Hawk’s mouth twisted scathingly. ‘Summer house parties like this one are notorious for the night-time assignations of people who are indeed married—but not to each other.’
‘Indeed, Your Grace?’ Her voice was icily cold. ‘And which female guest’s bed have you chosen to grace with your own illustrious presence tonight?’
Even now, in her pride and anger, Hawk could appreciate how beautiful, how tempting the inaptly named Miss Jane Smith truly was. Admittedly, her years spent under the guardianship of the forceful Lady Sulby seemed to have cowed the more spirited parts of her nature, but they were still there nonetheless—in the way that Jane challenged him, in the way that she never flinched from contradicting him. Two things that rarely, if ever, happened to the Duke of Stourbridge.
Jane Smith was unusual in that she did not seem to see him as just a duke. She saw past his title to the man beneath, and it was to that man that she spoke during her moments of rebellion. It was to that man that her beauty appealed. To such a degree that Hawk had briefly forgotten all the caution that had served him so well these last ten years.
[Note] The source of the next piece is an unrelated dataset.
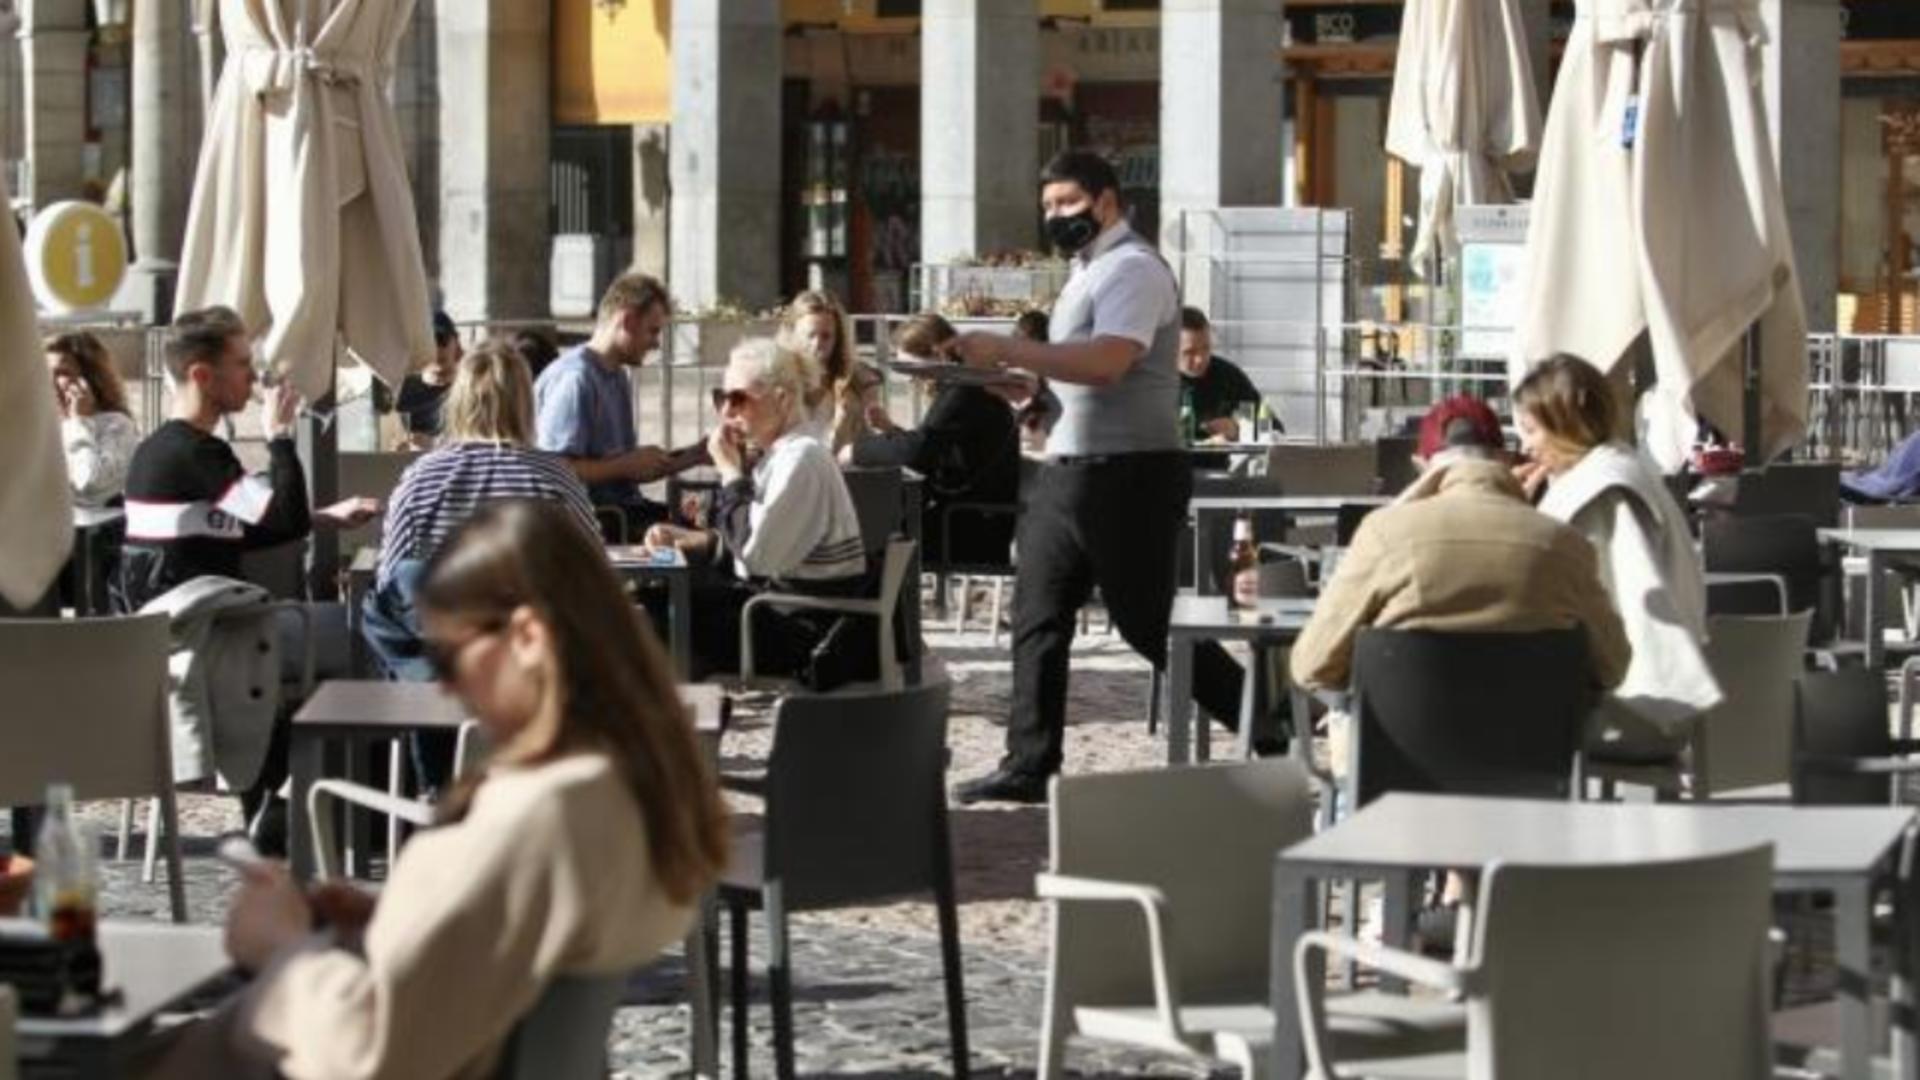 Testarea COVID-19 la intrarea în restaurante, terase

It would not—it must not!—happen again.
‘I have no interest in bedding any of the ladies now residing at Markham Park,’ he said disdainfully, knowing by the way Jane stiffened that she had heard his intended rejection of her own charms in that carefully worded dismissal. ‘Now, if you will excuse me, I believe I will make my excuses to the Sulbys before retiring to my bedchamber for the night.’ He bowed abruptly before turning to leave.
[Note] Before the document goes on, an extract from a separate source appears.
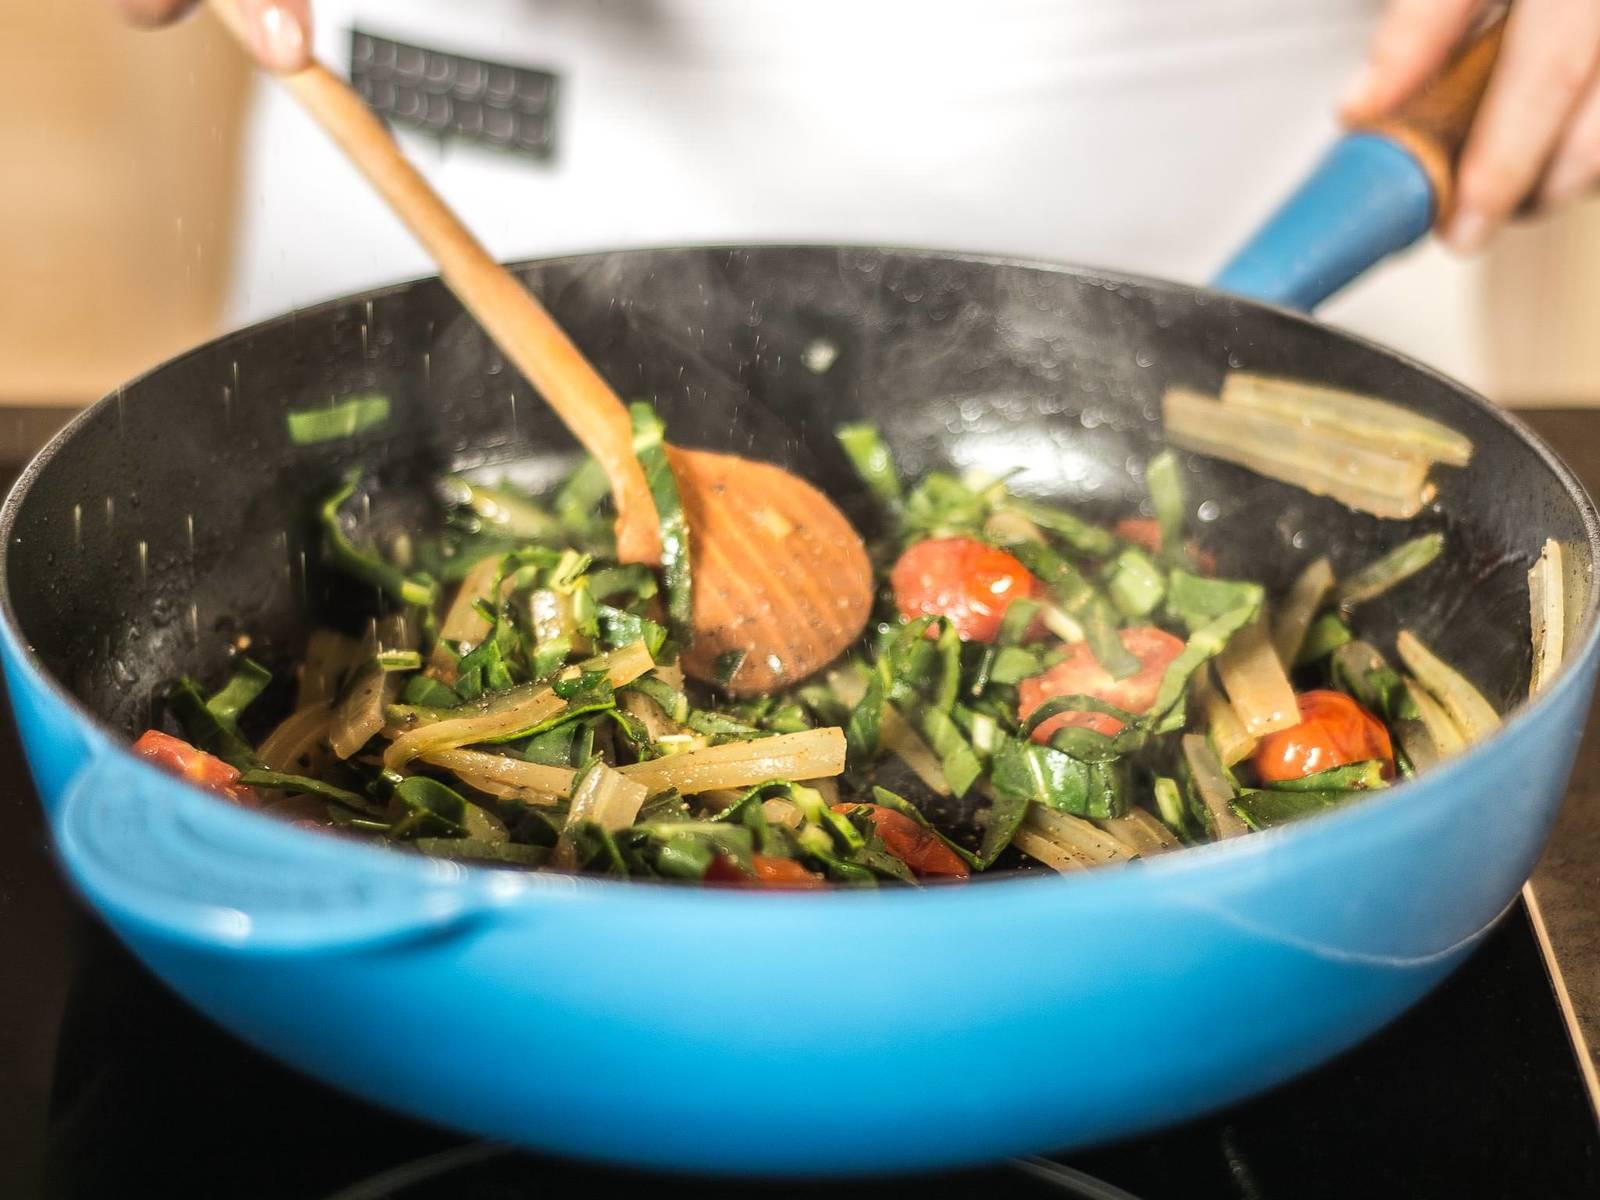 将按碎的蒜瓣与厚皮菜放入植物油中煸炒片刻,再加入樱桃番茄继续煸炒,并加入肉豆蔻,盐与胡椒粉调味。停止加热后,将厚皮菜盛入盘中,摆上烤好的多宝鱼即可享用。

‘Not without first making me an apology,Your Grace!’
Hawk turned slowly back to her, his narrowed gaze taking in the taut lines of her body and the challenge in her defiantly raised chin.
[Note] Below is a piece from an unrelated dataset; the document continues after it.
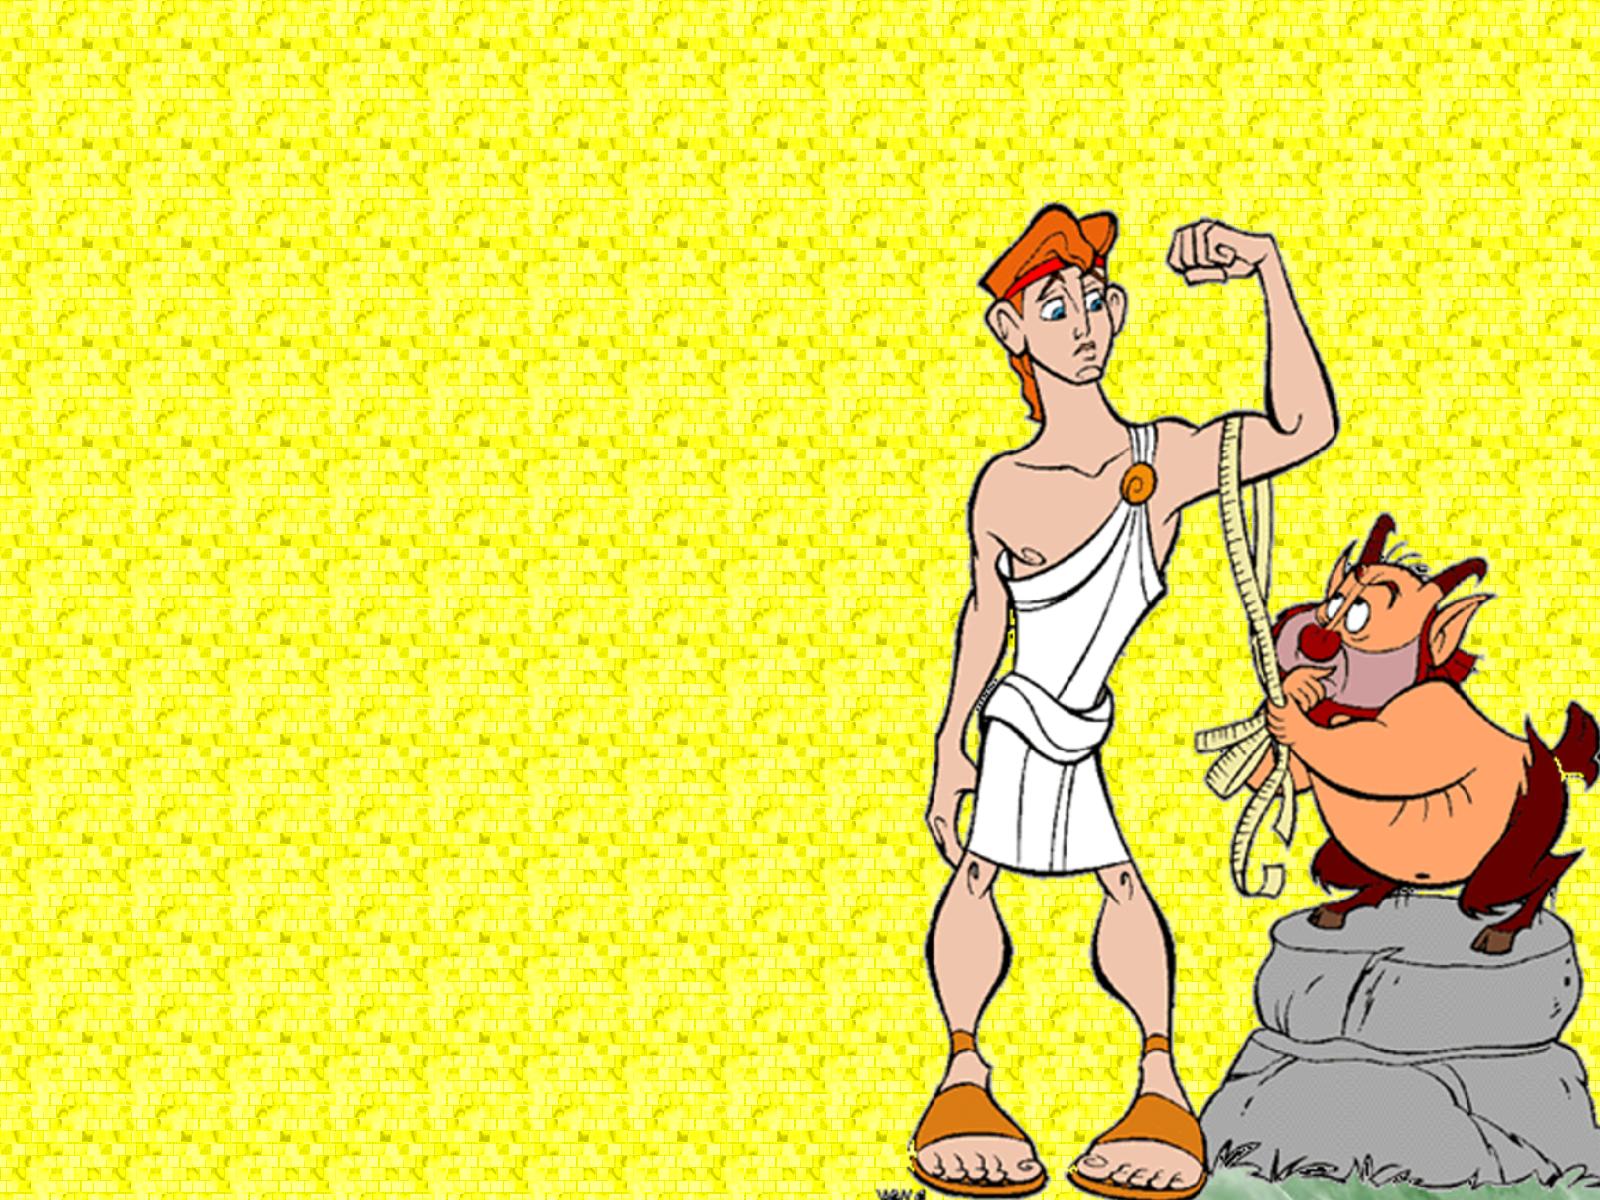 Hercules Wallpaper   Hercules Wallpaper 33993903 1600x1200

‘For almost kissing you…?’
She gave him a contemptuous glare. ‘For wrongly accusing me of encouraging Lord Tillton!’
Was it possible Hawk had mistaken the events he had witnessed earlier at the dinner table? Had Jane not been encouraging Tillton after all, but rather, as she claimed, fighting off the other man’s unwanted attentions? Attention towards a young woman about whom it was obvious her guardians did not care, let alone offer protection to?
‘If I was mistaken—’
‘You were!’
‘If I was mistaken then I apologise.’ Hawk nodded abruptly. ‘But in future I would advise you not to come here alone. You might find yourself in much graver danger another time than you have this evening.’
‘Until now these dunes have always been my place of refuge!’
Until Hawk had intruded.
Until he had held her in his arms and attempted to kiss her.
But that was a temptation she had not demanded apology for…
She was magnificent. Hawk could acknowledge that even with his inner determination not to initiate any further intimacy between them. Her unconfined hair blew in the wind, a thick curtain of flame, her eyes were wide and challenging, and those perfectly pouting lips were set defiantly.
All of those things told Hawk that she would be a formidable lover. that this woman was more than capable of matching the depths of his own passion, which he was always at such pains to hide from others and which Jane, instinctively, was able to touch and ignite.
Jane Smith, he decided determinedly, was a definite danger to the icy reserve of the Duke of Stourbridge.